# John Deere 420



## ezrizer (May 4, 2016)

Hi Folks,

New to the world of tractors and could use a little advice. I have a 10,000 lb trailer that I need to move in and out of my drive way and a small tractor seems like the right thing for the tight turns. I found a 1990 420 close to home and it's missing the deck which I don't need anyway. I'd like to know if this is a good machine and if it's up to moving a trailer in and out my driveway which is concrete and pretty much flat.

Thanks


----------



## RC Wells (Dec 26, 2008)

A 10,000 lb. load is far beyond the capability of the JD 420 lawn tractor.


----------



## ben70b (Aug 29, 2012)

Depends on the tongue weight I would think, if it were a well balanced trailer you may get away with it


----------



## RC Wells (Dec 26, 2008)

Here is a direct quote from John Deere regarding the towing capacity of lawn tractors:

"The general "rule of thumb" is that towing capacity equals total tractor weight + maximum ballast + operator weight. Factory recommended towing capacity is generally determined by the total vehicle weight + operator weight + any additional factory approved ballast such as front weights, suitcase weights or wheel weights.

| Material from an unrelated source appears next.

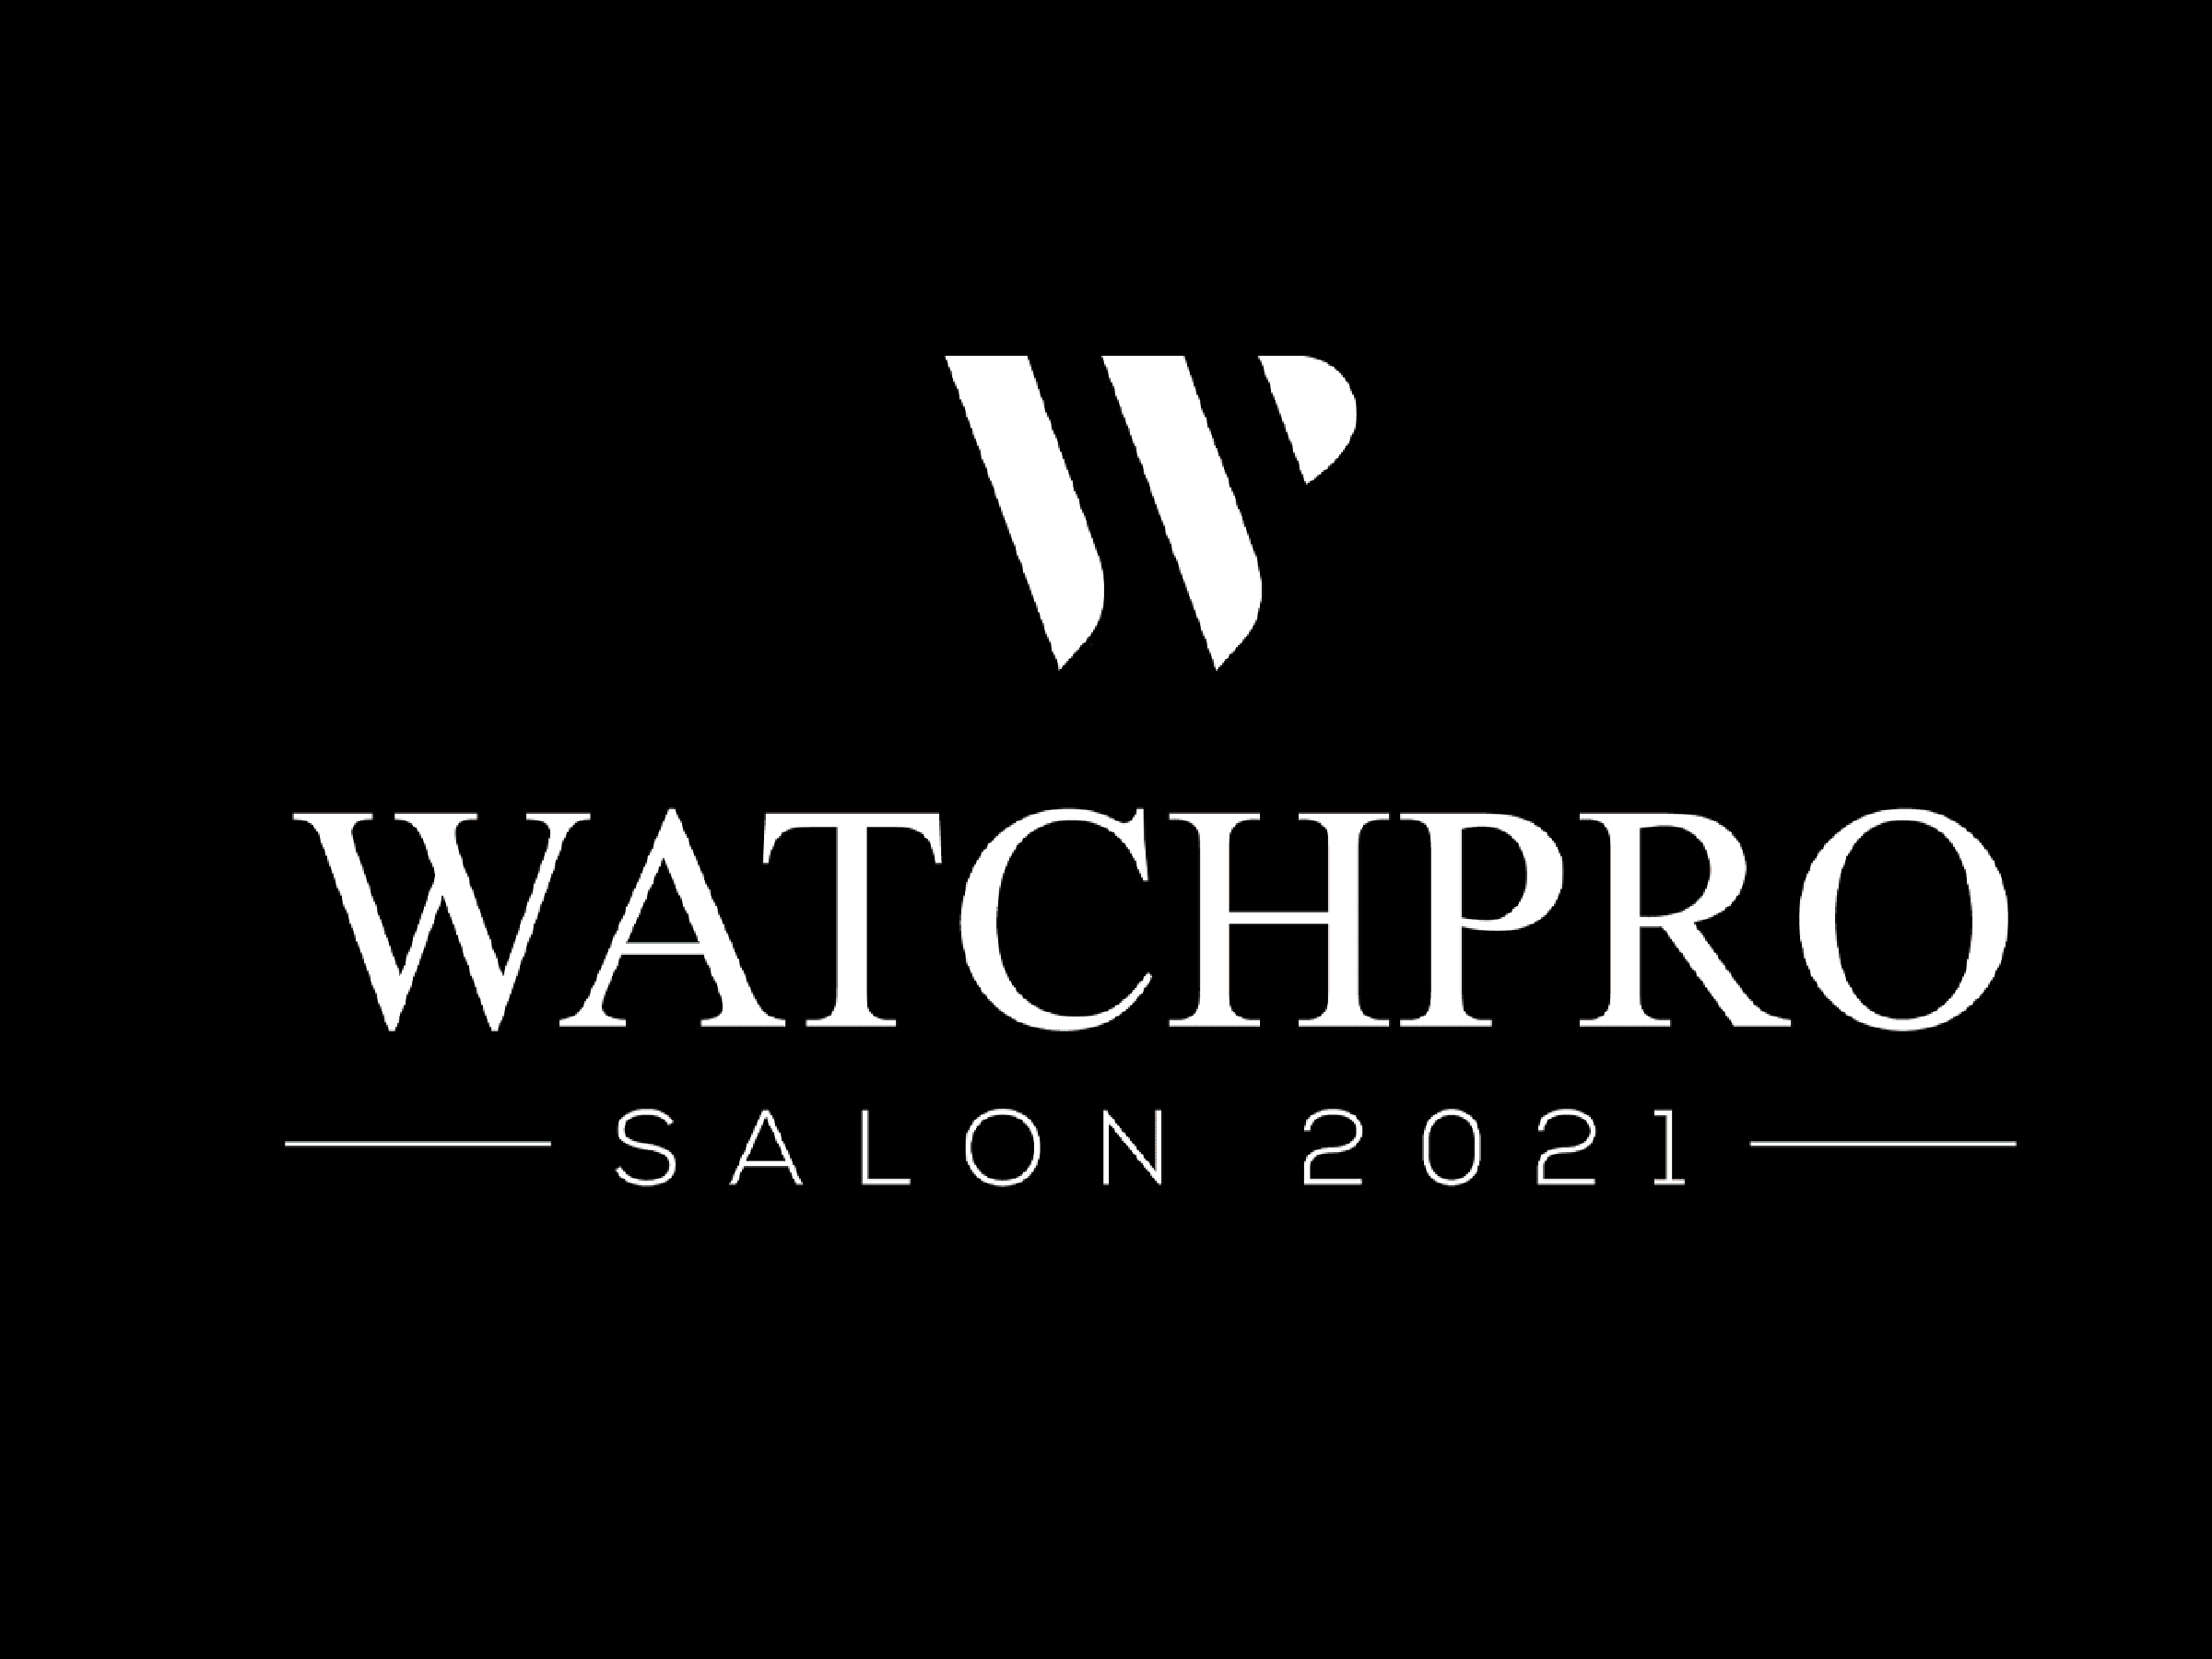 Watchpro salon logo white on black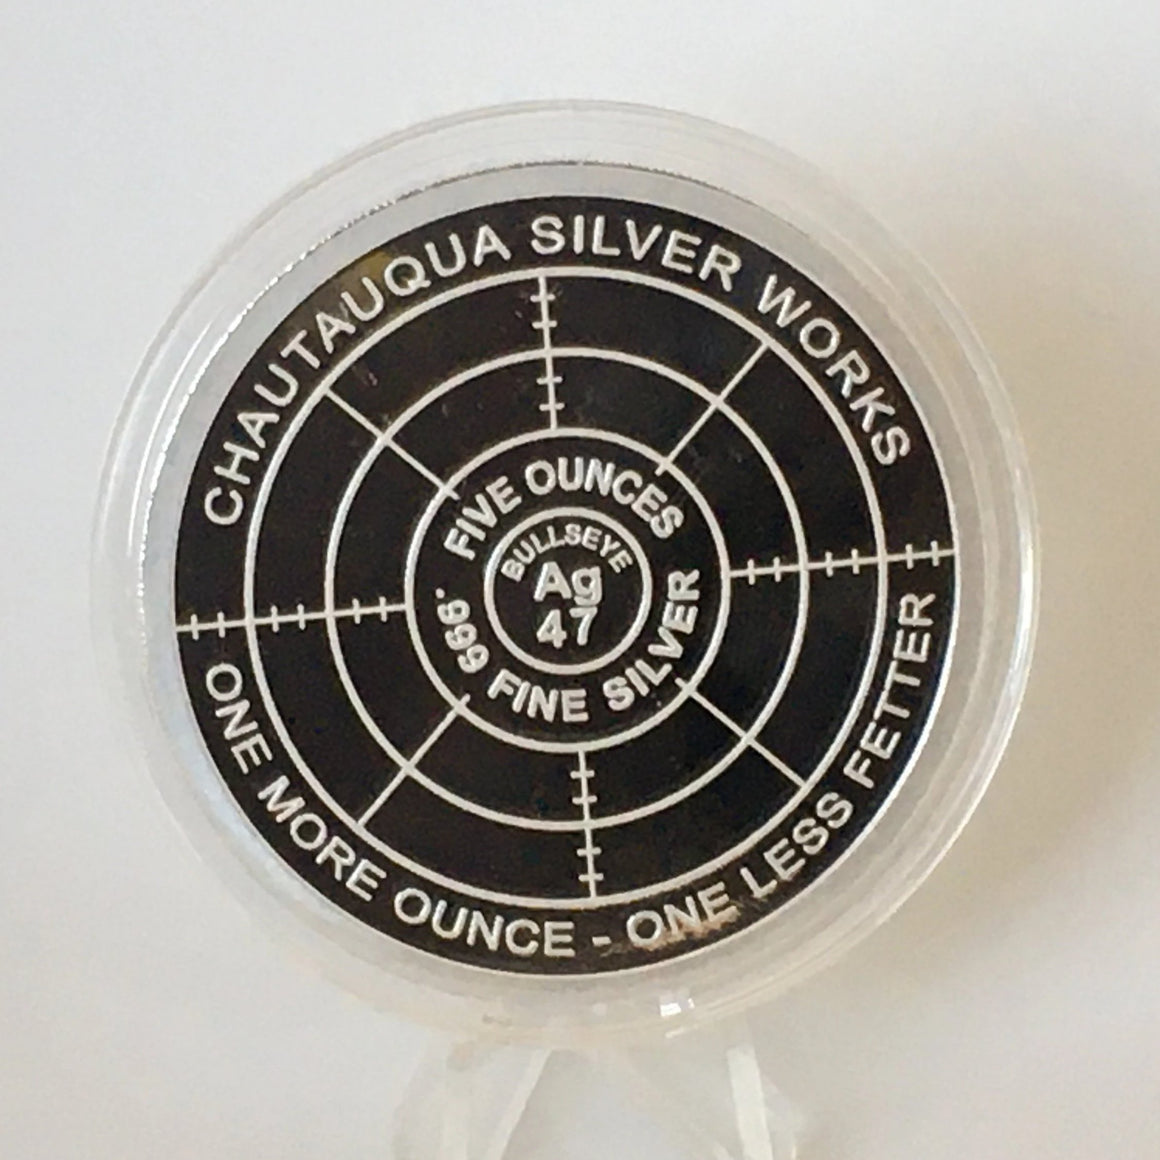 5oz Shifting Gears by Chautauqua Silver Works, .999 Fine Silver Round

Your tractor's weight can be found in the Specification section of your Operators Manual. Do not attempt to tow any more than this weight plus that of the operator, unless additional factory approved ballast is added.

Each model of tractor has different factory approved weights that can be added. See your John Deere dealer to obtain factory approved weights

To ensure proper operation and adequate braking, the weight pulled should be less than (or no more than equal to) the total vehicle weight as mentioned above. Most machines will physically pull more weight than this, but you must be able to adequately stop the machine with the load you are trying to tow.
The towing capacities referred to above assume flat dry ground conditions on a hard surface such as concrete.
Towing capacity should be adjusted for any conditions that offer less traction. These conditions might include (but are not limited to) wet grass, steep inclines, ice and snow, etc.
Always remember that conditions change and that just because you can tow a certain weight does not always mean you can safely stop the machine when towing.
These guidelines also assume the hitch portion of the tractor has positive tongue weight."

Starting an 11,000 weight will make mincemeat out of the hydrostatic transmission that is built for yard work on a light lawn tractor. You have a base tractor that weighs 993 lb., it will handle a 500 lb. loader and a 350 lb. mower deck, and a 300 lb operator. The hydrostatic transmission and 20 horse Onan engine is designed for approximately that specific cumulative capacity, plus the maximum breakout force of 725 lb when the bucket is used. 

An empty trailer capable of holding 11,000 lb, would likely weigh close to a ton, and a person just may be able to move that much weight. Stopping a load like that is an entirely different matter, and could result in failure to stop.


----------



## ezrizer (May 4, 2016)

I don't know anything about working on a farm or clearing snow but I would assume that dragging a tiller to turn up earth, or dragging something to level off ground would require a great deal of effort. How well would a 420 in low move a full size pickup with a tow rope?


----------